## The data
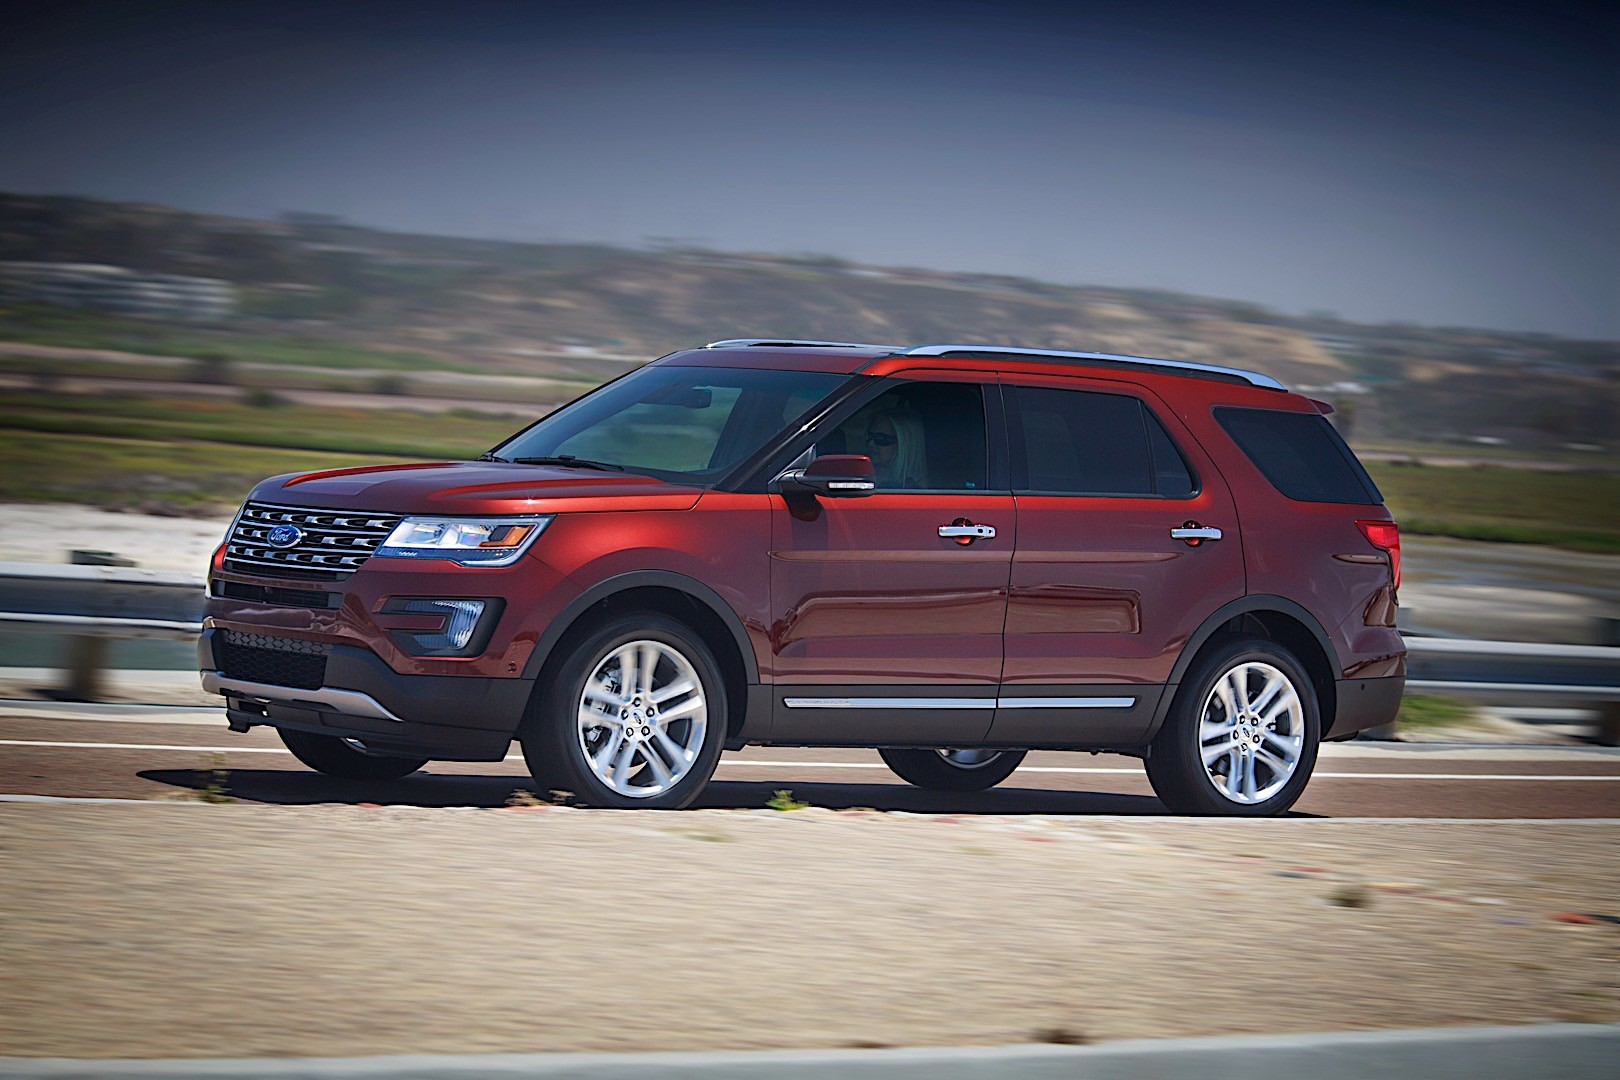 ford explorer jeep autoevolution cherokee grand vs
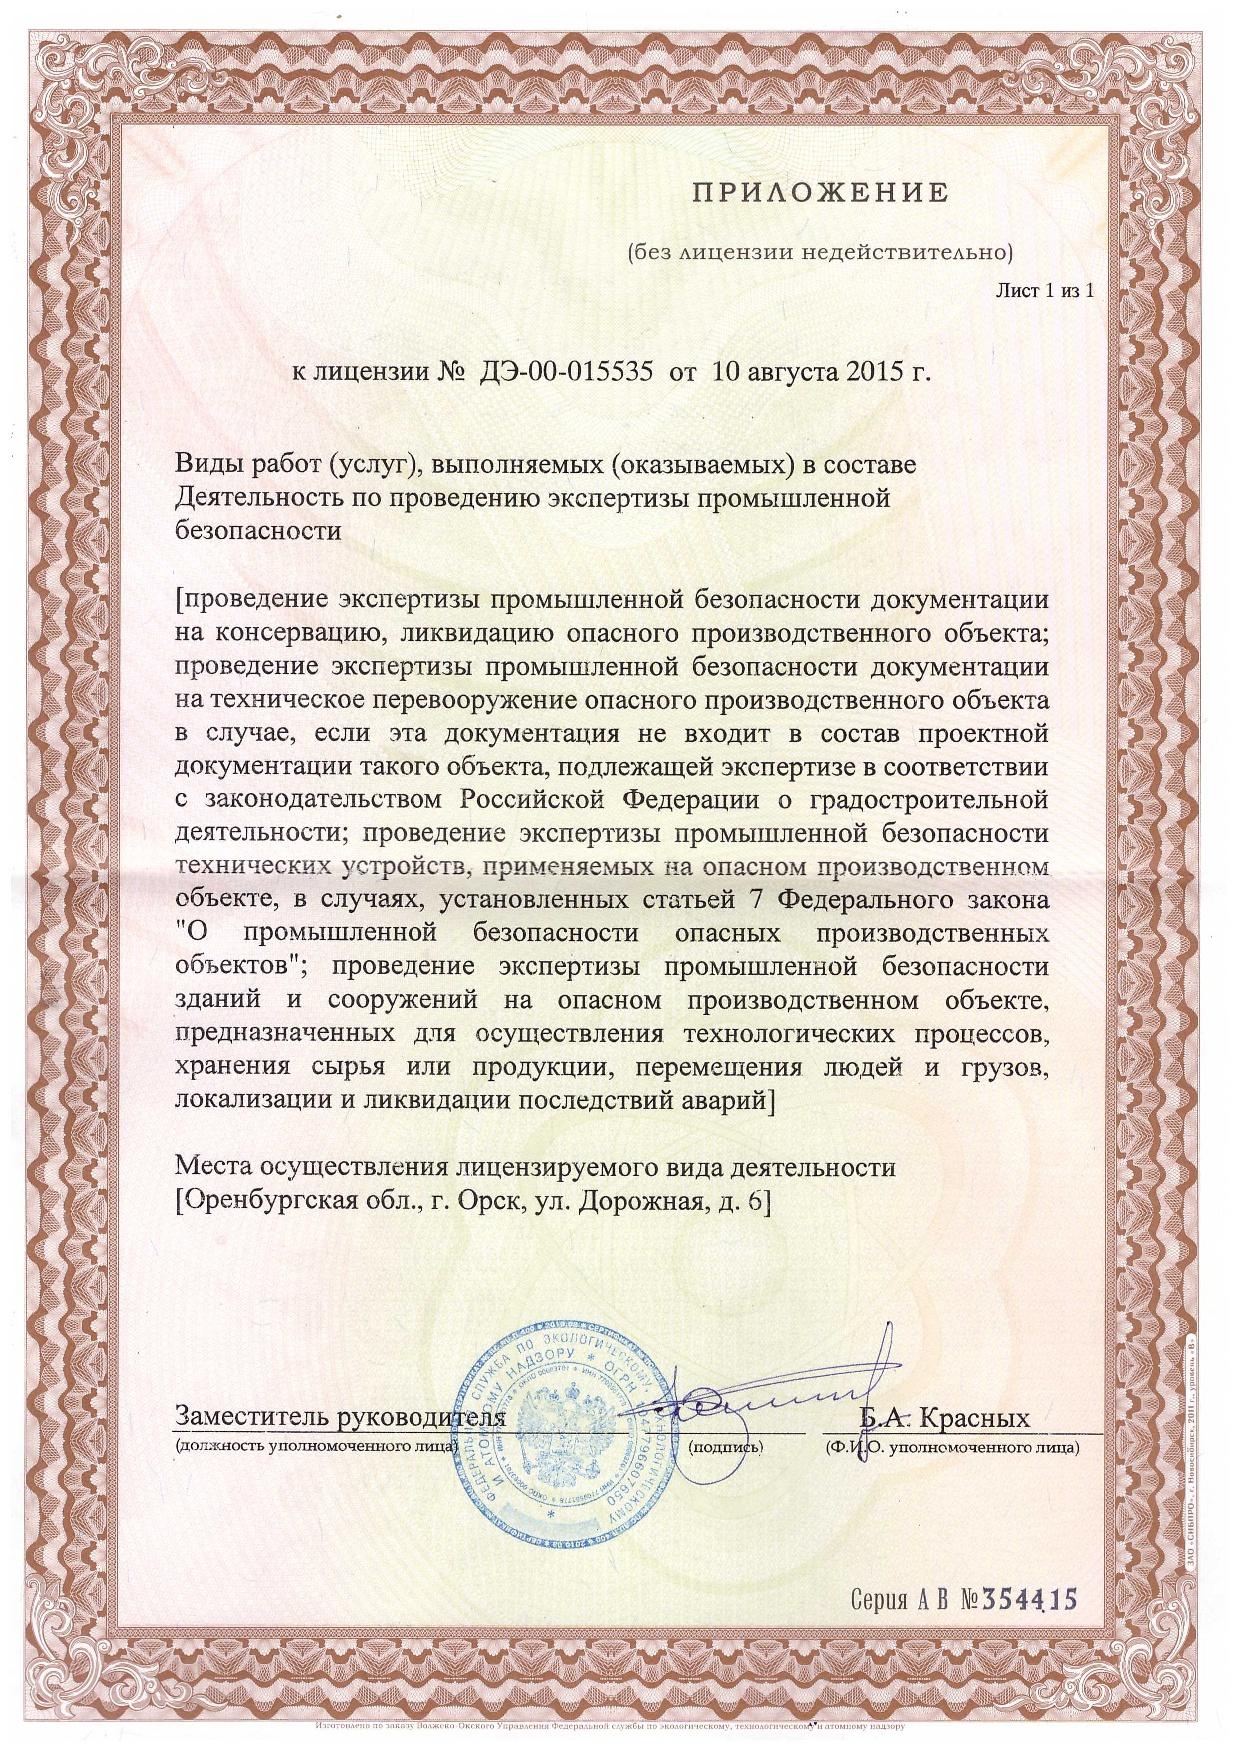 http://ivanov56.ru/img/035fa98762a3224ca53a5b1b51e61cac.jpg
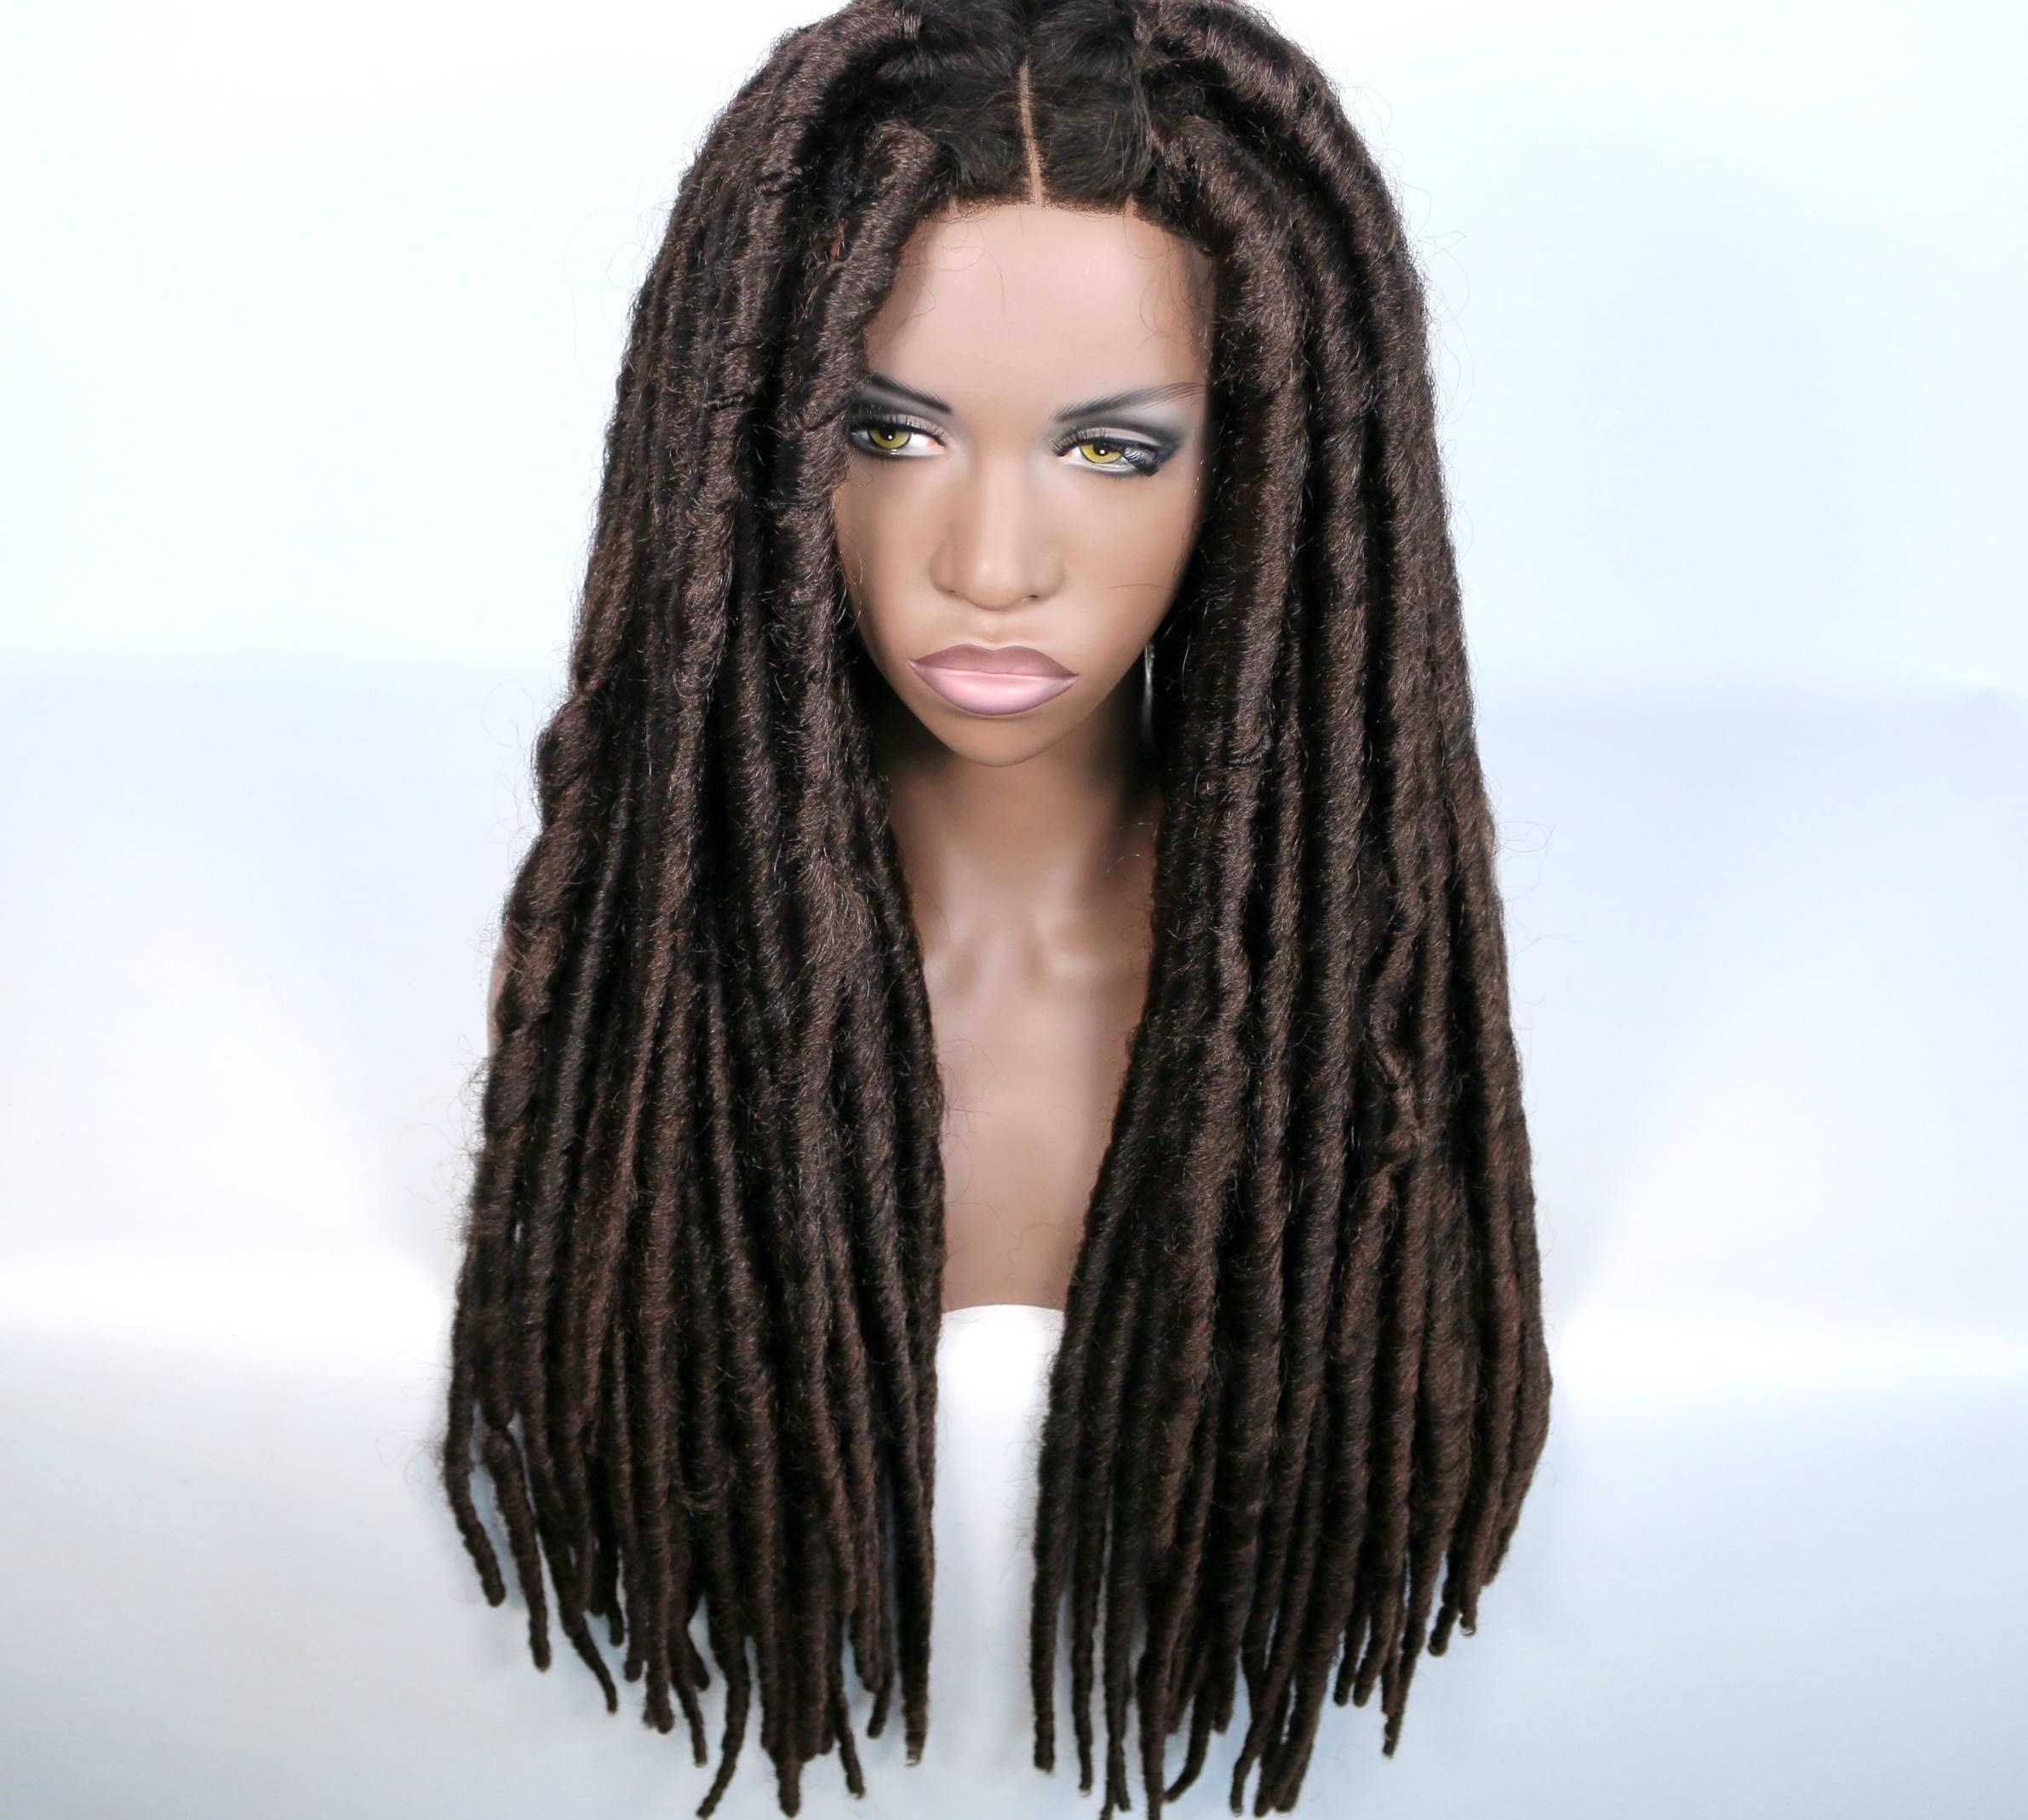 SALE Brown Dreadlocks Extra Faux Locs Crochet wig w Closure

## The task
The response is the full listing, copied exactly, with the pictures omitted.

## Task answer
 ford explorer jeep autoevolution cherokee grand vs
 http://ivanov56.ru/img/035fa98762a3224ca53a5b1b51e61cac.jpg
 SALE Brown Dreadlocks Extra Faux Locs Crochet wig w Closure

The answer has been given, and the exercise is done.